Lube Failure and Rocker damage

My 39 B has a 1941 (by casting date) CE motor in it. Upon teardown (2 frozen valves from water down the stack, bent pushrod too) it is obvious that there has been a lube failure in he upper end. The rocker shaft is scored and worn up to 1/16". The rocker bearings are worn and in some cases scored. The damage is worse in the front and lesser in the rear, as would be expected by the oil fed from the rear. Lifters were badly worn from lack of lube and will be refaced. Mains and cam bearings looked OK although some grit scoring on #1 main, had crank turned and will get all new bearings. I will inspect the pump but that does not appear to be the issue.

The rocker shaft and bearings are no longer available new, and most of the used ones are getting worn on the shaft and bearings. I could turn the shaft over and end to end but it would still have too much clearance in the bearings for proper lube control. My workaround looks like a piece of slide tubing, .745 OD, and brass fine finish bushings, .755 ID, pressed into the arms. Any other suggestions to prevent reoccurance? I don"t want to go into this again. Tractor is used sparingly, mowing and snow plowing mostly.

I"m wondering
 
sounds like a loss of oil as you said. Could be the pump, could be excessive clearance in pump/ relief that caused loss of pressure, or could be BAD FILTER.. A few years ago there were some bad filters made that caused the loss of pressure and problems as you have. Those filters were paper and high volumn filters instead of packed cotton, low flow... YOu may not know, but the lube system is very different than a car. Pump puts out a fixed volumn. 15% of that goes thru the compressed filter, cleand and dumped back to sump. 85% of the oil goes from the pump, down thru the cam shaft and distribute by spray to the bearings (and thru the copper line to the top end)... If you have a filter that is BAD and flows excess oil easily, then too much flow goes back to sump and not enough thru the cam and to the bearings. AS you can tell from the above, excess bearing clearances from years of use do not cause drop in pump pressure.
 
during the rebuild, make sure the end plates on the oil pump are smooth and not gouged. Sand smooth if needed. Make sure clearances are minimal. At startup, make sure you have about 15 psi pressure at the gauge. Make sure you have oil supply thru copper tube to the rocker arm. I think i would buy a "good or decent" rocker arm/ shaft setup off e-bay instead of shimming or copper bushings on the old part. If you reamed out the holes and made a new shaft .030 inch oversize, i might go along with that modification.
 
I have 3 "good" sets in my parts pile. All of them show shaft and rocker bushing wear to some degree. The bigger problem is the unavailability of rocker arm bushings - if they"re not tight to the shaft oil just runs out the end rather than lubing the shaft and being forced up the rocker to lube the valve and pushrod.

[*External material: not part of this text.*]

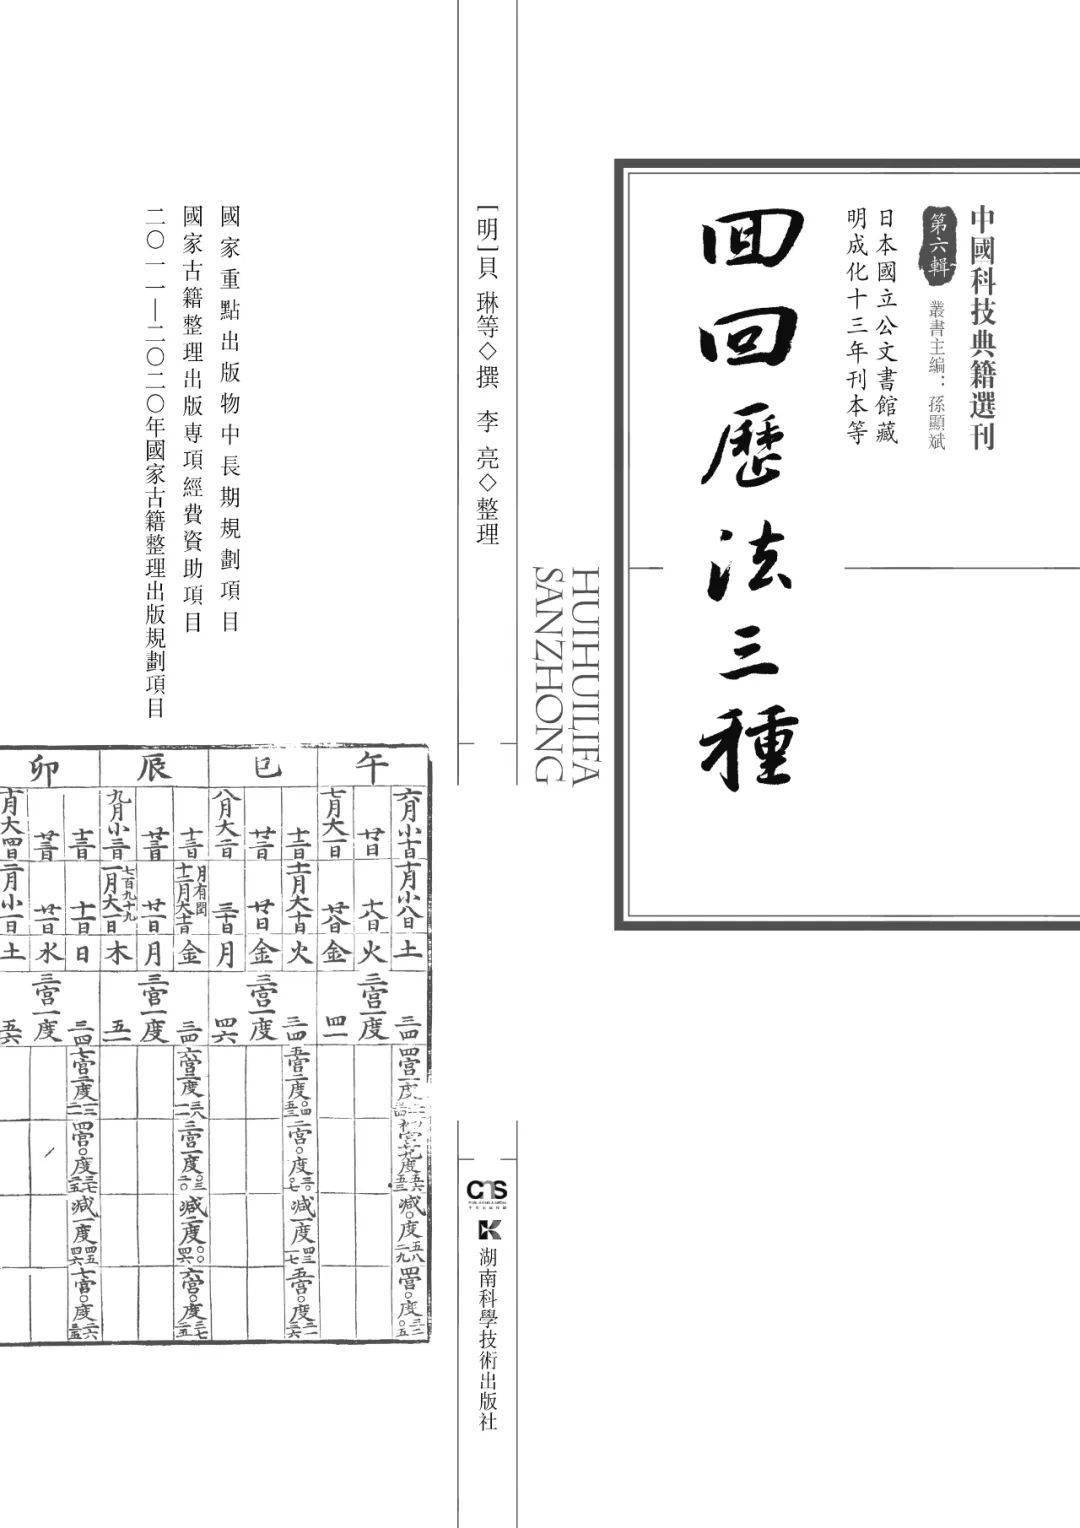 新书丨《中国科技典籍选刊》第六辑出版_手机搜狐网

I figured a precision shaft and new brass (not Oillite) bushings, drilled to feed the upper rocker, would be better than another used part that"s already on the path of failure.

I actually thought of rerouting the oil line to feed the shaft directly but that still would leave the clearance problem, would have to flood the upper and starve the cam/mains to get adequate oilling.
 
Also, make sure the "spear" that stabs into the filter, as you put it on, is still there. Without it, you don't get much pressure!
 
i have rebuilt 3-4 different B motors and have seen shinny spots on the shaft and small wear on the rocker arms. Seems like it was only a couple thousandths. Maybe im lucky, but i just cleaned them up and reinstalled. Seemed to oil o.k. Some of it might be the end plates on teh pump itself. Smooth plates with very minimal clearance will increase the flow available to lube. As Dave said, the tube inside the filter is the "restrictor" that allows a small amount to blead off thru the filter. I think the tube has 1 or 2 of a 1/8 inch hole in the top. No tube or big hole will cause low flow / low pressure.